Q: Can anyone play a few test games and send his results to SSDF?
A: SSDF only accepts results from its members. Furthermore, we do not accept
tests from people having a commercial interest in computer chess. The person
responsible for managing the tests regularly calls all testers, usually once
every few weeks, and collects their latest results. On those occasions, he
also plans upcoming tests and suggests suitable computers and/or programs to
be pitted against each other.

Q: Who is managing the list?
A: Since 1990 Thoralf Karlsson, chairman of SSDF, has been handling the list.
He took over from Goran Grottling who had been in charge since the inception
of SSDF in 1984.

Q: How do you know that you can trust reported results?
A: It's mostly a question of confidence. We have known most of the testers
for many years and don't believe they would try to deceive us. Also, all
testers are required to keep a written record of their activity. In case
there are any doubts, those records will surely be of good help.

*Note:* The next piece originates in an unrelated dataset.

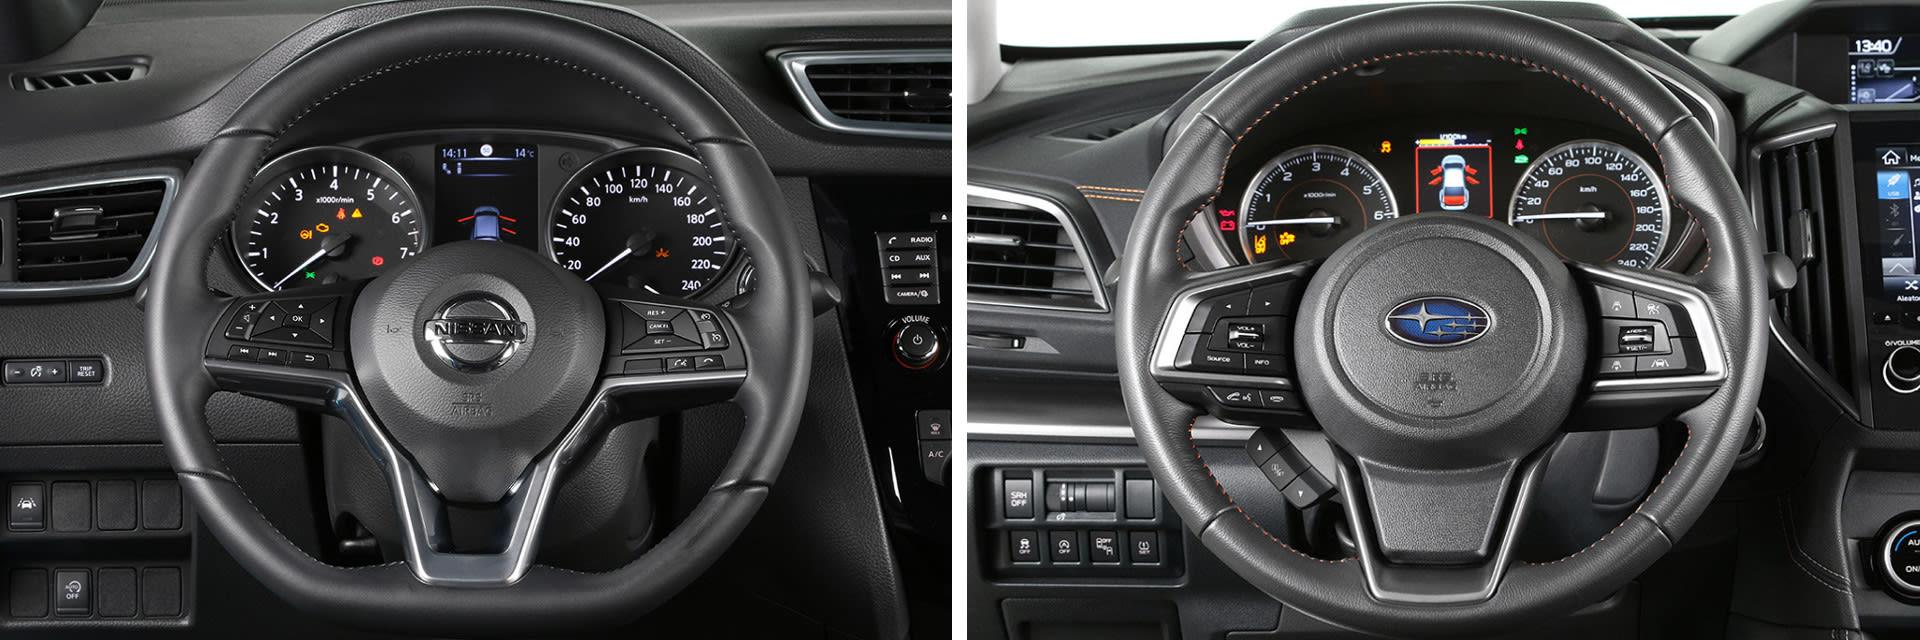 El volante del Nissan Qashqai (izq.) tiene menos ajustes que el del Subaru XV (dcha.)
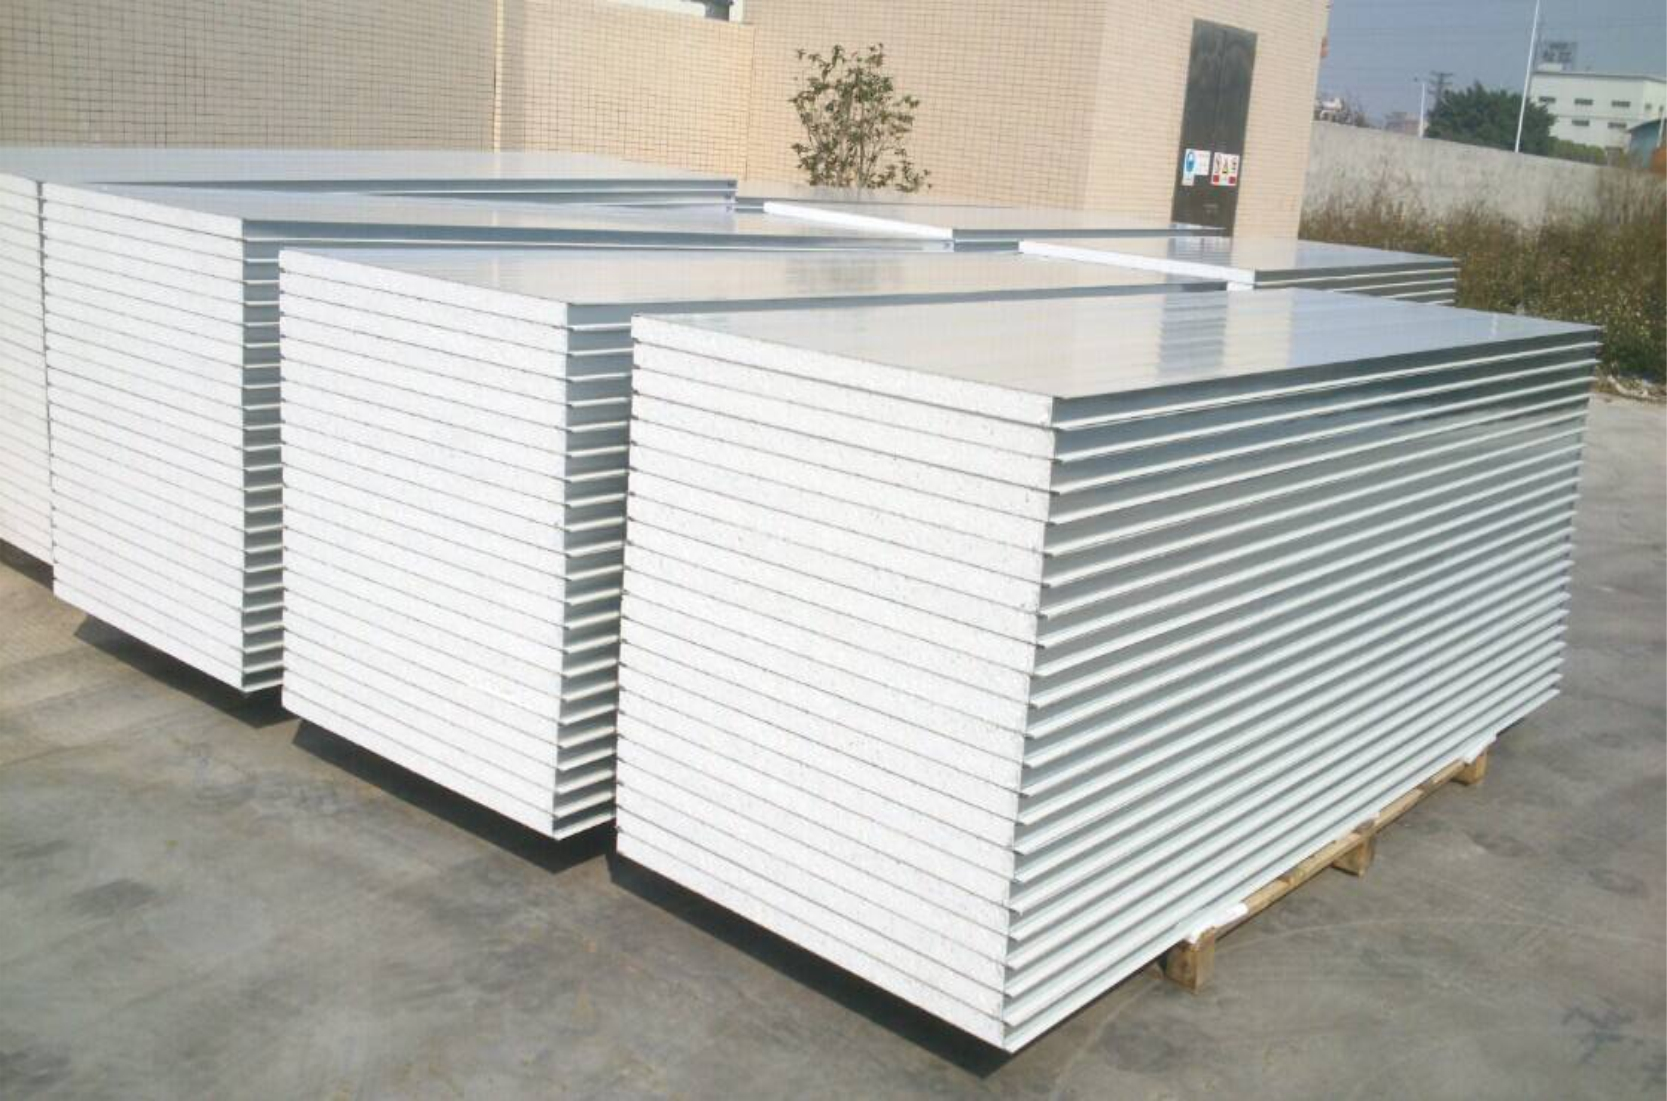 兰州夹芯彩钢板  兰州机制板、夹芯板、聚氨酯夹芯板   岩棉夹芯板

Q: But in theory, someone could have sent in false results?
A: Yes, but not on a large scale. Experience has taught us that a series of
20 games, which is our normal test match between two computers, can produce
some rather unexpected results. Still we'd be very suspicious if anyone
reported that, say, Super Constellation outplayed Genius on a Pentium-class
PC by 15 to 5. You must remember that normally a lot of people test the same
program or computer, and we are therefore able to compare results from
different sources. Likewise, a tester who consistently reported low scores
for, say, Richard Lang's programs would raise a few eyebrows.

Q: How many people are involved in the testing?
A: At the end of 1994, SSDF had played well over 40,000 games. This had taken
us eleven years, and all in all 132 testers have been involved, each
contributing with anything between 1 to 5,770 games. During 1994 alone, 40
people were doing tests. Our most industrious tester played over 700 games
that year; he usually plays three games in parallel. (And yes, that means he
has six computers!)

Q: How are the tests carried out?
A: Our goal is to always play matches of 20 games between two computers/
programs under test. We also consider it important to evaluate a computer
against various kinds of opponents. For instance, a new chess program has
often been tested by the programmer against contemporary products, but we
also try to find some old programs to run it against. The reason for this is
that the programmer may well have optimized its opening books so as to get
maximum performance against the major competitors in the market, but he has
most likely not had access to all the software that's hiding in the closets
of SSDF's members. Which games or computers actually get to play each other
is ultimately dependent on what kind of equipment our testers have or are
able to borrow. So in order to let, say, Mephisto Vancouver and MChess Pro
meet, we have to find someone with access to both the Mephisto machine and
an ordinary PC. Rule of thumb number three is that matches between opponents
whose ratings differ by more than 400 points are meaningless. The outcome of
such a match does not provide statistically meaningful information.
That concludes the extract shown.